Три воинские искусства. Первое — глазомер, как в лагерь стать, как идти, где атаковать, гнать и бить. Второе — быстрота… Неприятель нас не чает, считает нас за сто верст… Вдруг мы на него как снег на голову! Закружится у него голова! Атакуй, с чем пришел, чем Бог послал! Конница, начинай! Руби, коли, гони, отрезывай, не упускай! Ура! Чудеса творят братцы!…

Третье — натиск. Нога ногу подкрепляет, рука руку усиляет. В пальбе много людей гибнет: у неприятеля те же руки. Да русского штыка не знает!

Вытяни линию — тотчас атакуй холодным ружьем! Недосуг вытягивать линию — выдвижение из закрытого или тесного места — коли, пехота, в штыки!… Обыкновенно конница врубается прежде, пехота за ней бежит. Только везде строй!… В окончательной победе: конница, руби, гони! Конница займется — пехота не отстанет. В двух шеренгах сила, в трех — полторы силы: передняя рвет, вторая валит, третья довершает!…

Солдат дорог. Береги здоровье! Чисти желудок, коли засорился. Голод — лучшее лекарство. Кто не бережет людей — офицеру арест, унтер-офицеру и ефрейтору палочки; да и самому палочки, кто себя не бережет!… В горячке ничего не ешь, хоть до двенадцати дней. А пей солдатский квас: то и лекарство. А в лихорадке не пей, не ешь. Штраф — за что себя не берег?!

Богадельни: первый день мягкая постель, второй день французская похлебка, третий день ее братец гроб к себе тащит. Один умирает, а десять товарищей хлебают его смертный дых… Хоть без лазарета и вовсе быть нельзя. Тут не надобно жалеть денег на лекарства, коли есть где купить сверх своих, и на прочие выгоды без прихотей.

Да все это неважно! Мы умеем себя беречь. Где умирает от ста один человек, а у нас и от пятисот в месяц меньше умирает. Здоровому — воздух, еда, питье. Больному же — воздух, питье!

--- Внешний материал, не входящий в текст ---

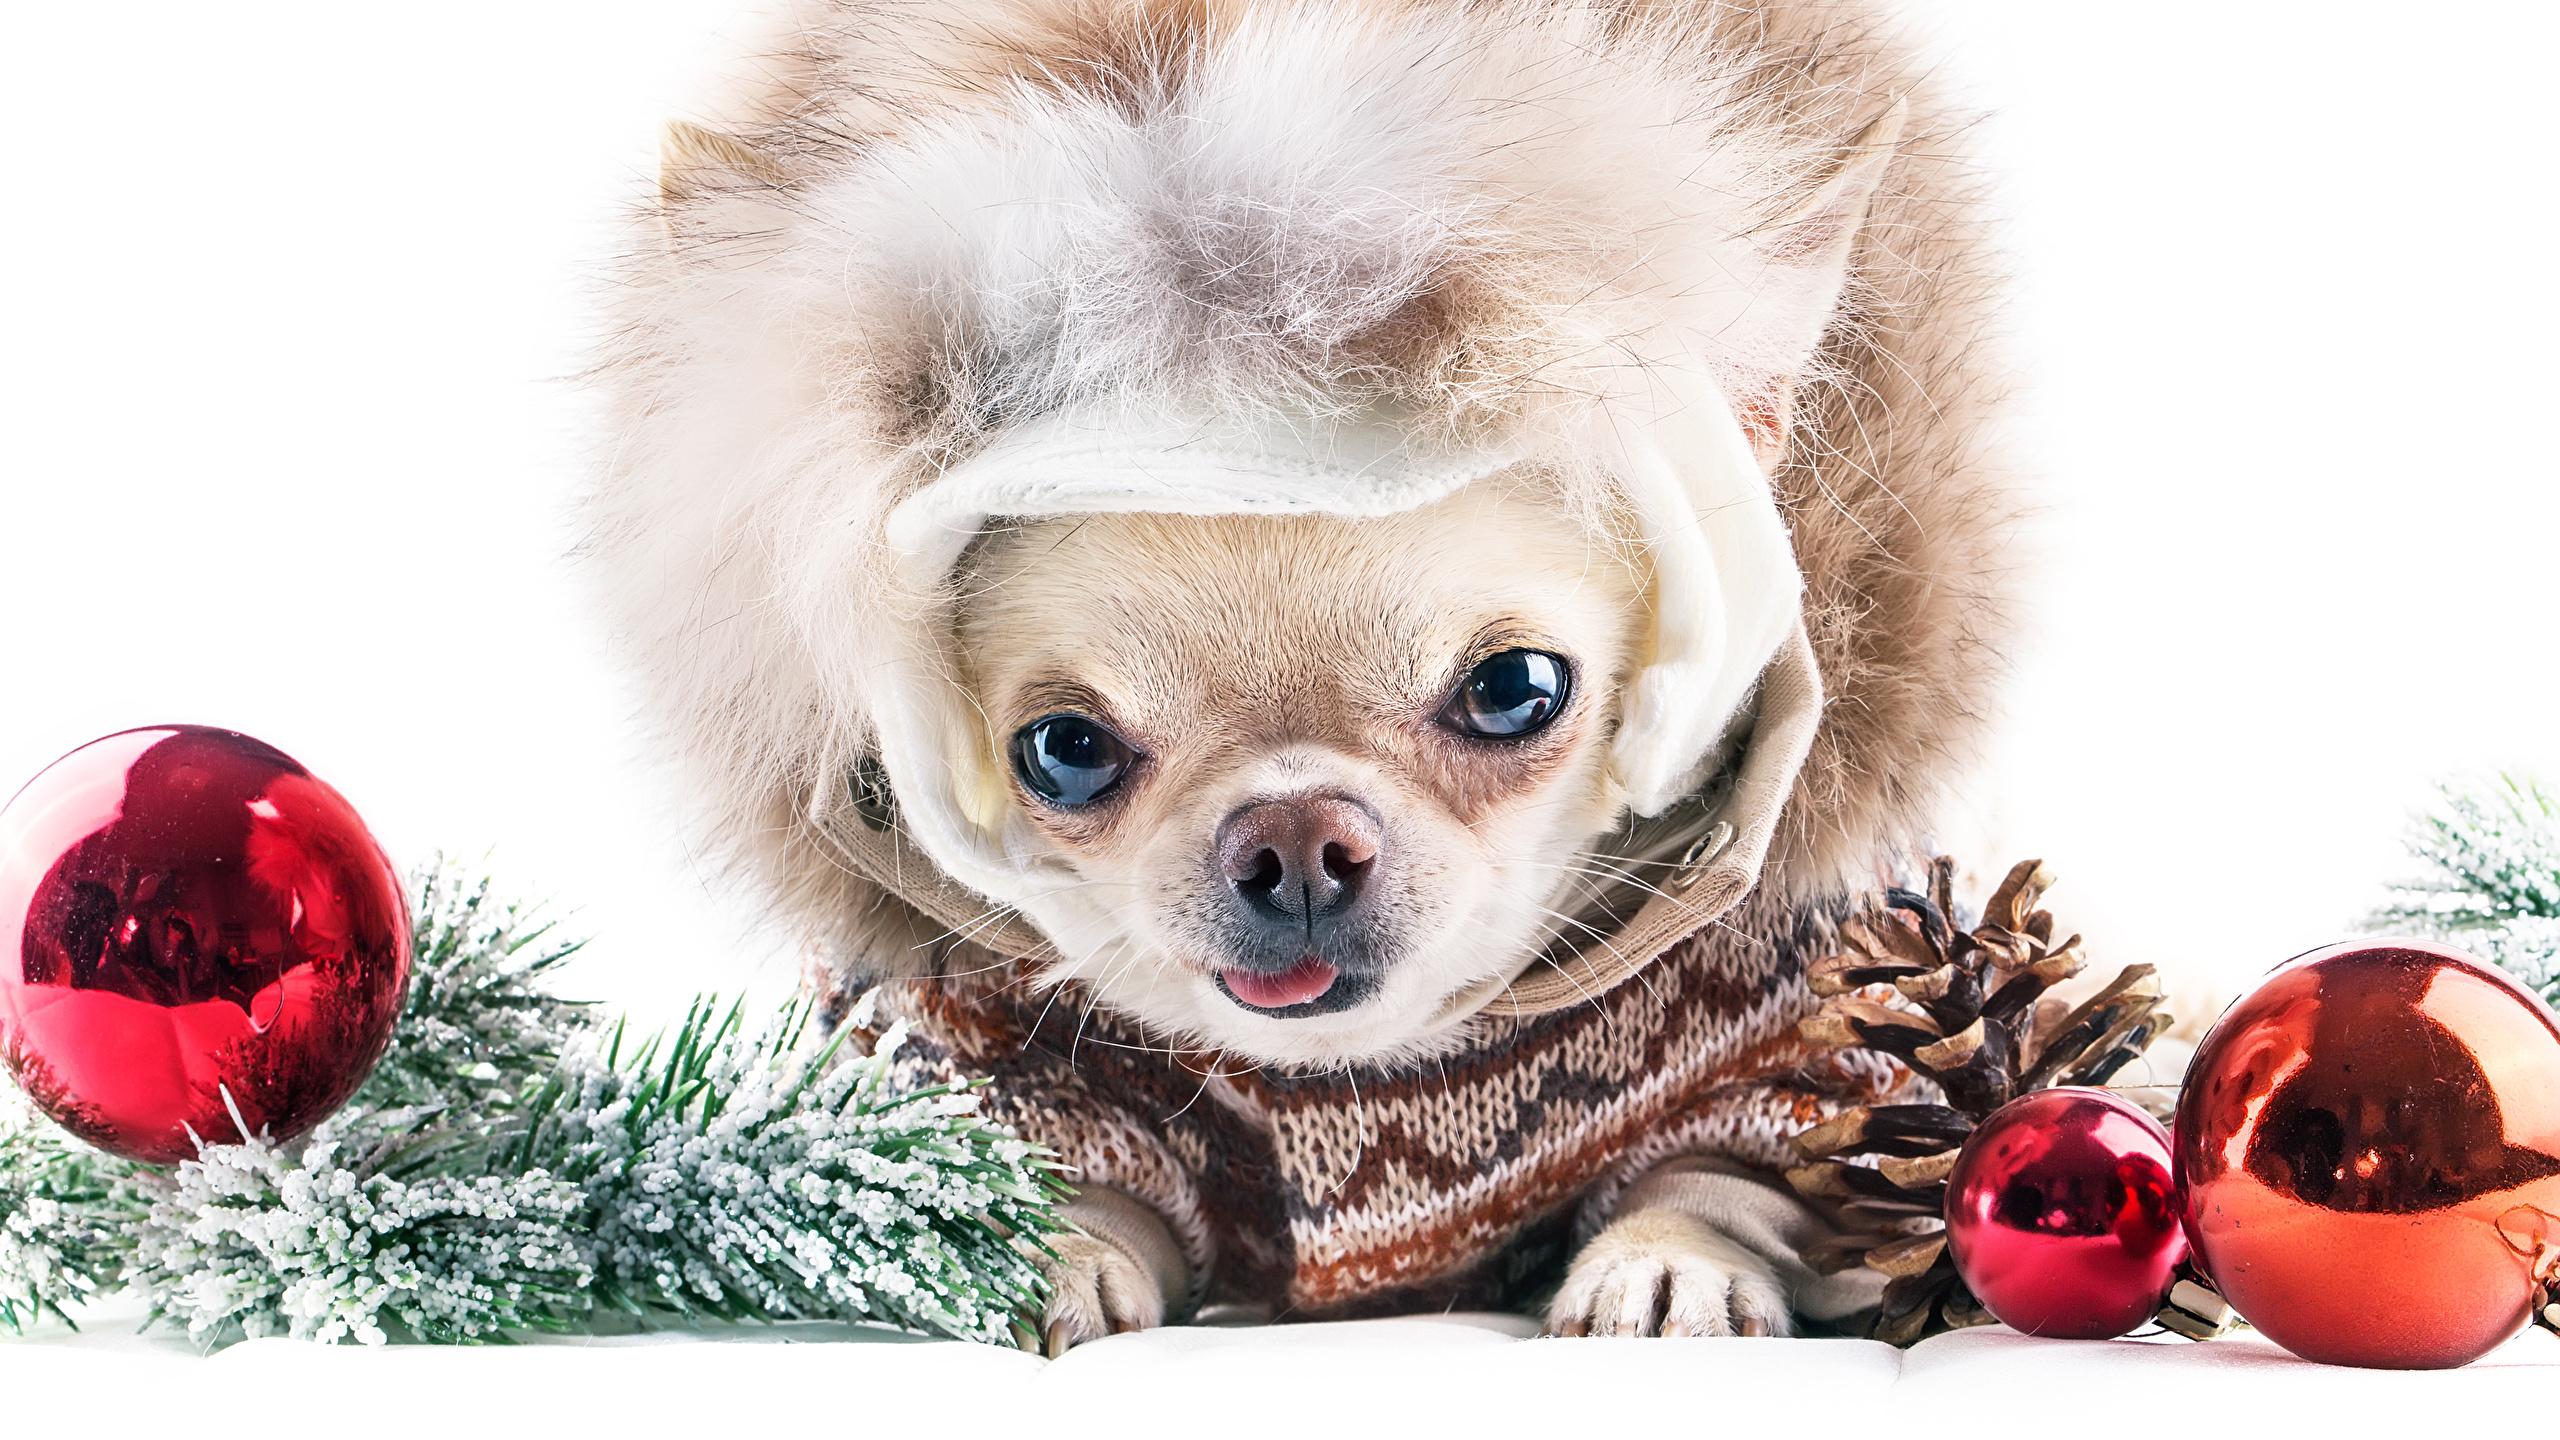 Fonds Decran 2560x1440 Nouvel An Chien Fond Blanc Chihuahua
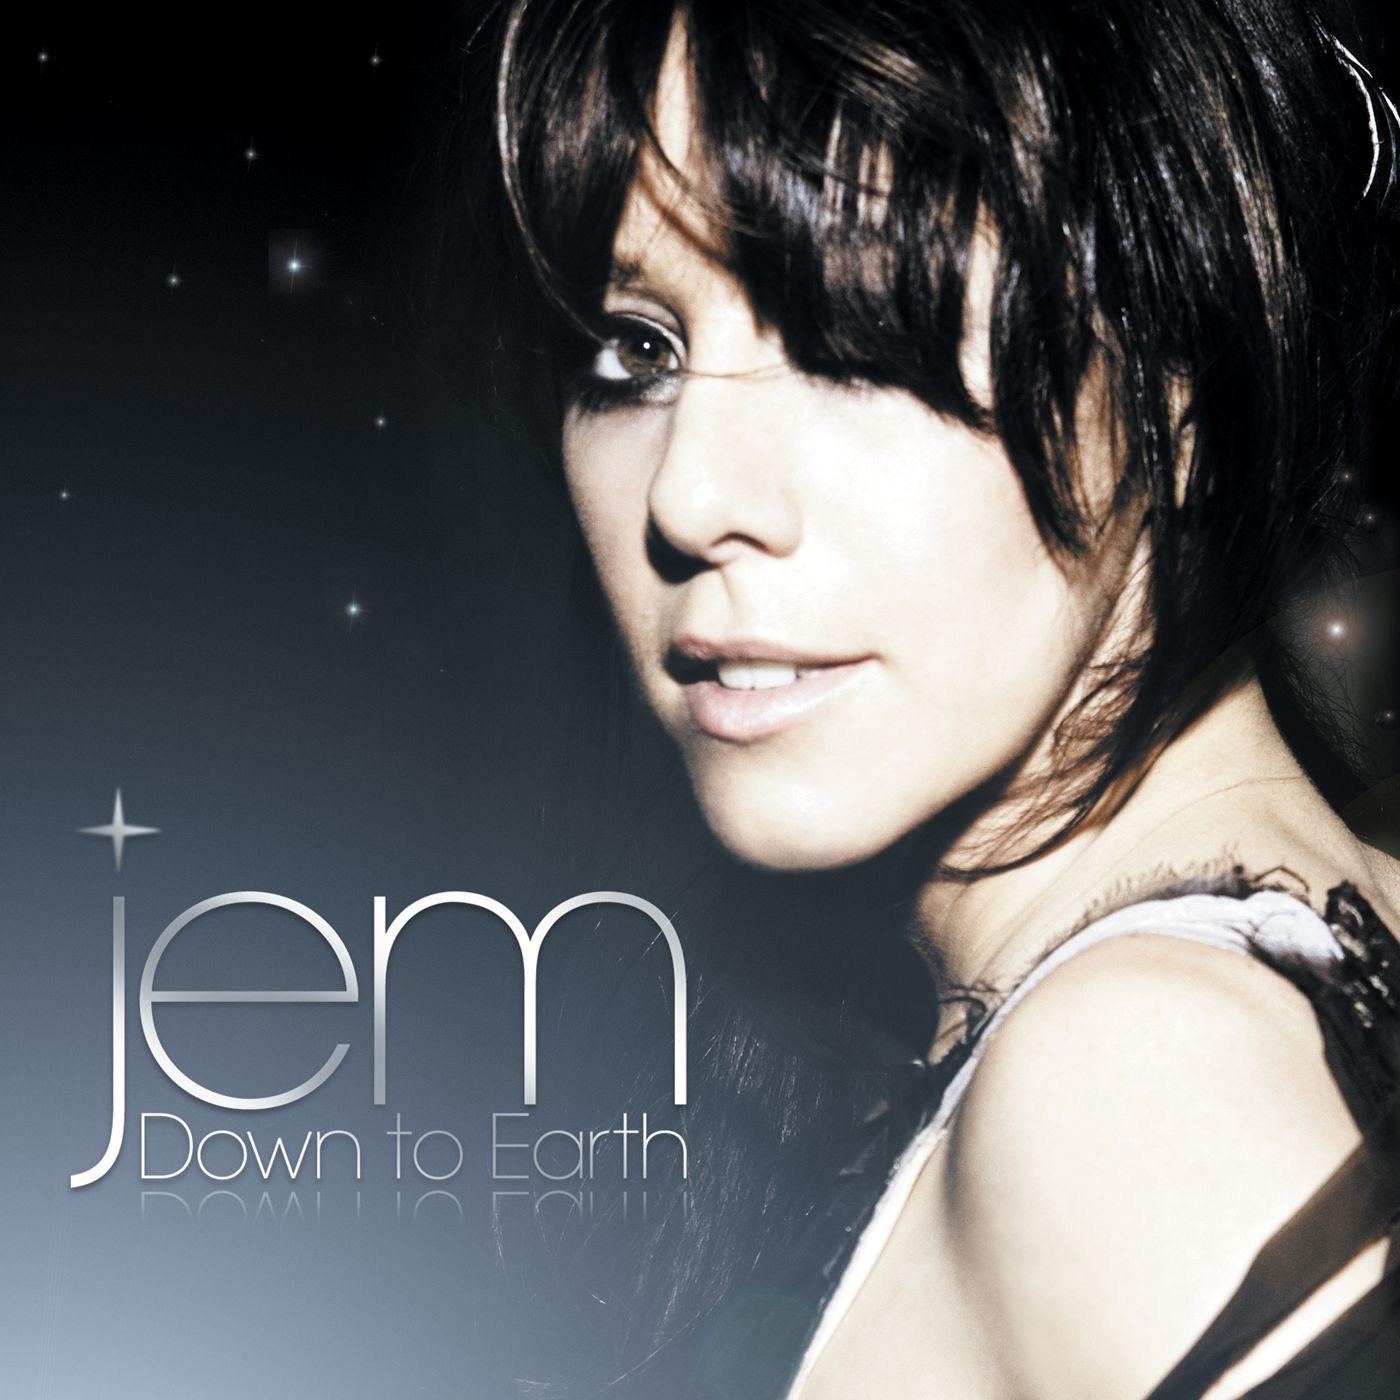 Jem album Down to Earth

Богатыри! Неприятель от нас дрожит.

Да есть неприятель больше и богадельни: проклятая немогузнайка, намека, загадка, лживка, лукавка, краснословка, краткомолвка, двуличка, вежливка, бестолковка, кличка… От немогузнайки много, много беды! За немогузнайку офицеру арест…

Солдату надлежит быть здоровым, храбрым, твердым, решительным, правдивым, благочестивым. Молись Богу! От него победа. Чудо-богатыри! Бог нас водит, он нам генерал!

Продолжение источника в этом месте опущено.